Contrairement à ce que soutient la société Altran technologies, le fait que les salariés n’aient pas bénéficié d’une rémunération au moins égale au plafond de la sécurité sociale ne permet pas d’exclure que l’employeur avait la volonté de mettre en place la modalité 2 conventionnelle, et ne rend pas la convention de forfait nulle mais inopposable aux salariés pendant la période durant laquelle l’employeur n’a pas respecté la condition relative au montant du salaire.
La convention de forfait appliquée aux salariés sera donc considérée comme leur étant inopposable, et il sera en conséquence fait application du régime de droit commun en matière d’heures supplémentaires hormis en ce qui concerne la situation de M. [DX].
Le jugement entrepris sera confirmé en ce qu’il a fait droit aux demandes des salariés de rappel de salaire pour heures supplémentaires augmentées des congés payés afférents, à l’exception de ses dispositions concernant M. [DX].
En effet M. [DX], qui est employé depuis le 25 mai 2010, et qui a perçu dès sa première année d’embauche une rémunération (JNT/RTT non compris) supérieure au PASS, est éligible à la modalité 2 et a été soumis à une convention de forfait en heures hebdomadaire régulière pendant toute la durée de son contrat de travail.
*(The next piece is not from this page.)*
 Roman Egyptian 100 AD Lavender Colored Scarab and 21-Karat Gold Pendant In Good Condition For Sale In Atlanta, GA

Il sera débouté de sa demande de rappel d’heures supplémentaires, de congés payés afférents, et de prime de vacances. Le jugement entrepris sera infirmé en ce qu’il a fait droit aux demandes de ce salarié.
Sur la preuve des heures supplémentaires
Aux termes de l’article L. 3171-2 alinéa 1 du code du travail dans sa version applicable au litige, lorsque tous les salariés occupés dans un service ou un atelier ne travaillent pas selon le même horaire collectif, l’employeur établit les documents nécessaires au décompte de la durée de travail, des repos compensateurs acquis et de leur prise effective, pour chacun des salariés concernés.
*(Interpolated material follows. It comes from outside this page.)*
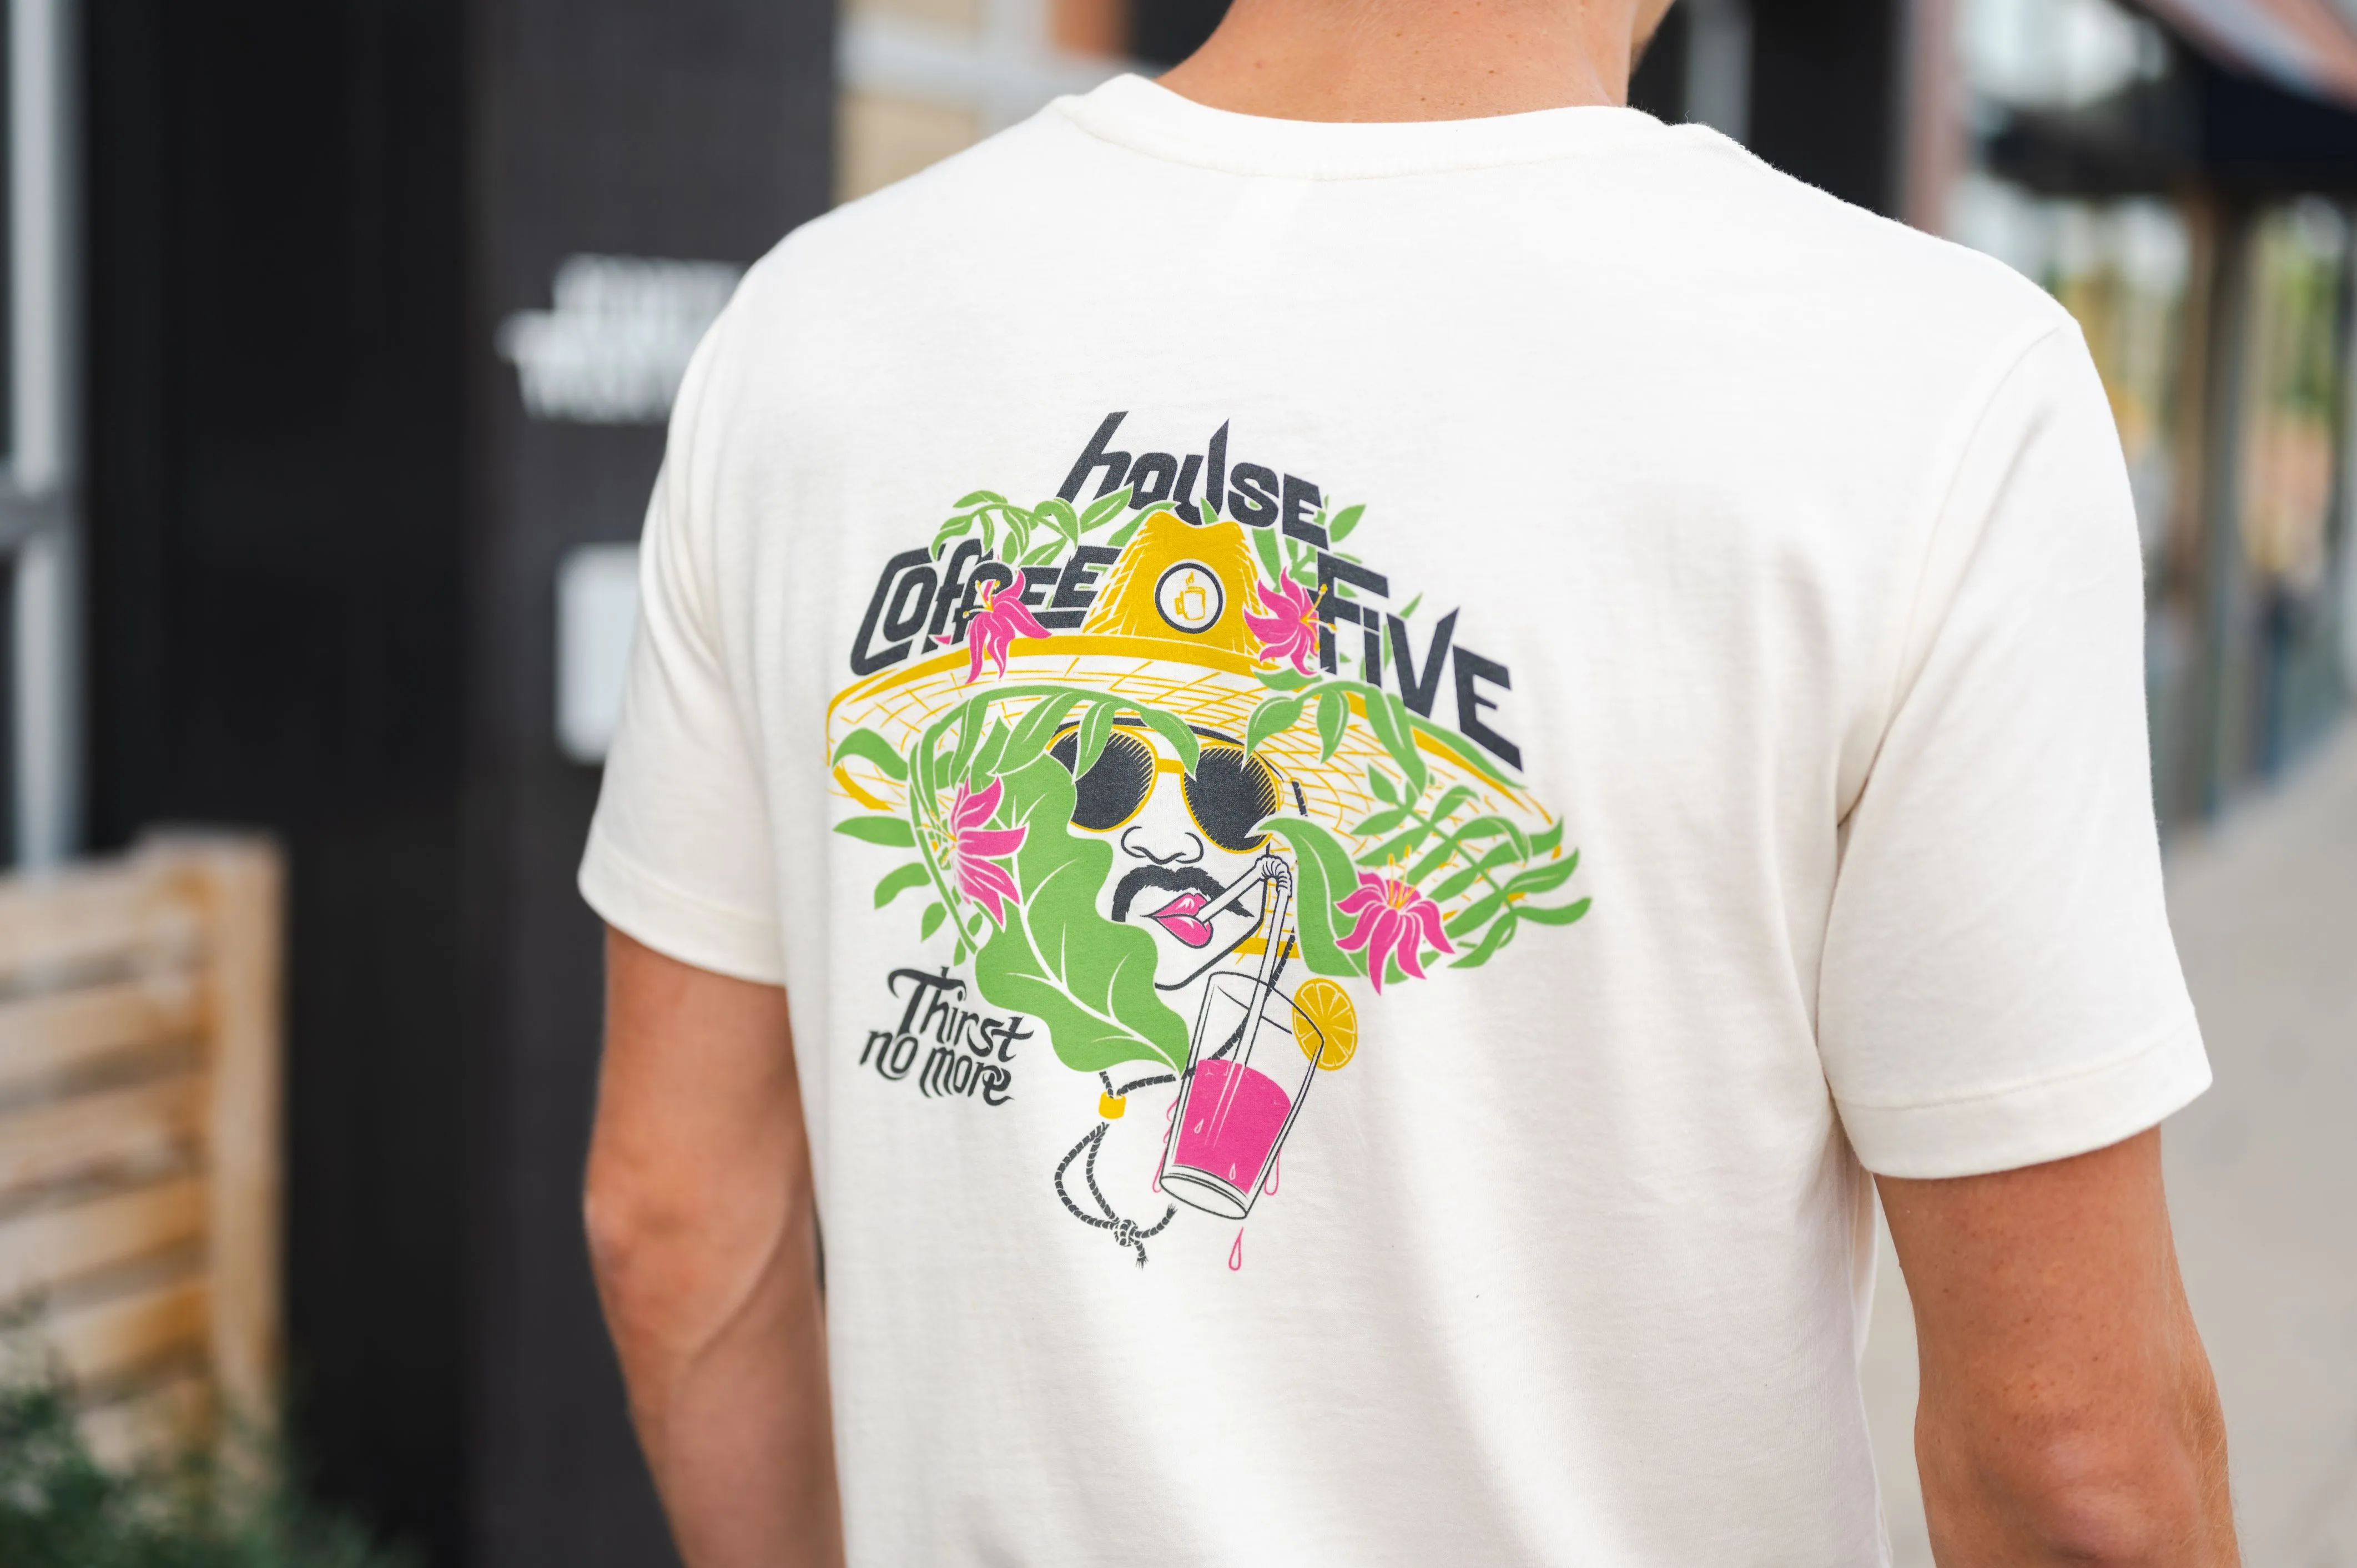 Person wearing a white t-shirt with a colorful graphic of a character in a sombrero surrounded by tropical flora and holding a drink with the text "house coffee five - Thirst no more".

Selon l’article L. 3171-3 du même code, dans sa rédaction antérieure à celle issue de la loi n° 2016-1088 du 8 août 2016, l’employeur tient à la disposition de l’inspecteur ou du contrôleur du travail les documents permettant de comptabiliser le temps de travail accompli par chaque salarié.
En vertu de l’article L.3121-10 du code du travail la durée légale du travail effectif des salariés est fixée à 35 heures par semaine.
Les heures effectuées au-delà de 35 heures sont des heures supplémentaires qui donnent lieu à une majoration de salaire de 25% pour chacune des 8 premières heures (de la 36ème à la 43ème incluse), et de 50% à partir de la 44ème heure.
En application de l’article L. 3171-4 du code du travail, en cas de litige relatif à l’existence ou au nombre d’heures de travail accomplies, il appartient au salarié de présenter, à l’appui de sa demande, des éléments suffisamment précis quant aux heures non rémunérées qu’il prétend avoir accomplies afin de permettre à l’employeur, qui assure le contrôle des heures de travail effectuées, d’y répondre utilement en produisant ses propres éléments. Le juge forme sa conviction en tenant compte de l’ensemble de ces éléments, et après analyse des pièces produites par l’une et l’autre des parties, dans l’hypothèse où il retient l’existence d’heures supplémentaires, le juge évalue souverainement, sans être tenu de préciser le détail de son calcul, l’importance de celles-ci et fixe les créances salariales s’y rapportant.
Il ressort des développements qui précèdent que la convention individuelle appliquée aux salariés, qui prévoit d’une part un forfait en heures et d’autre part un forfait de rémunération leur est inopposable, et que ces derniers étaient soumis à un horaire mensuel de 151,67 heures de travail, soit 35 heures par semaine.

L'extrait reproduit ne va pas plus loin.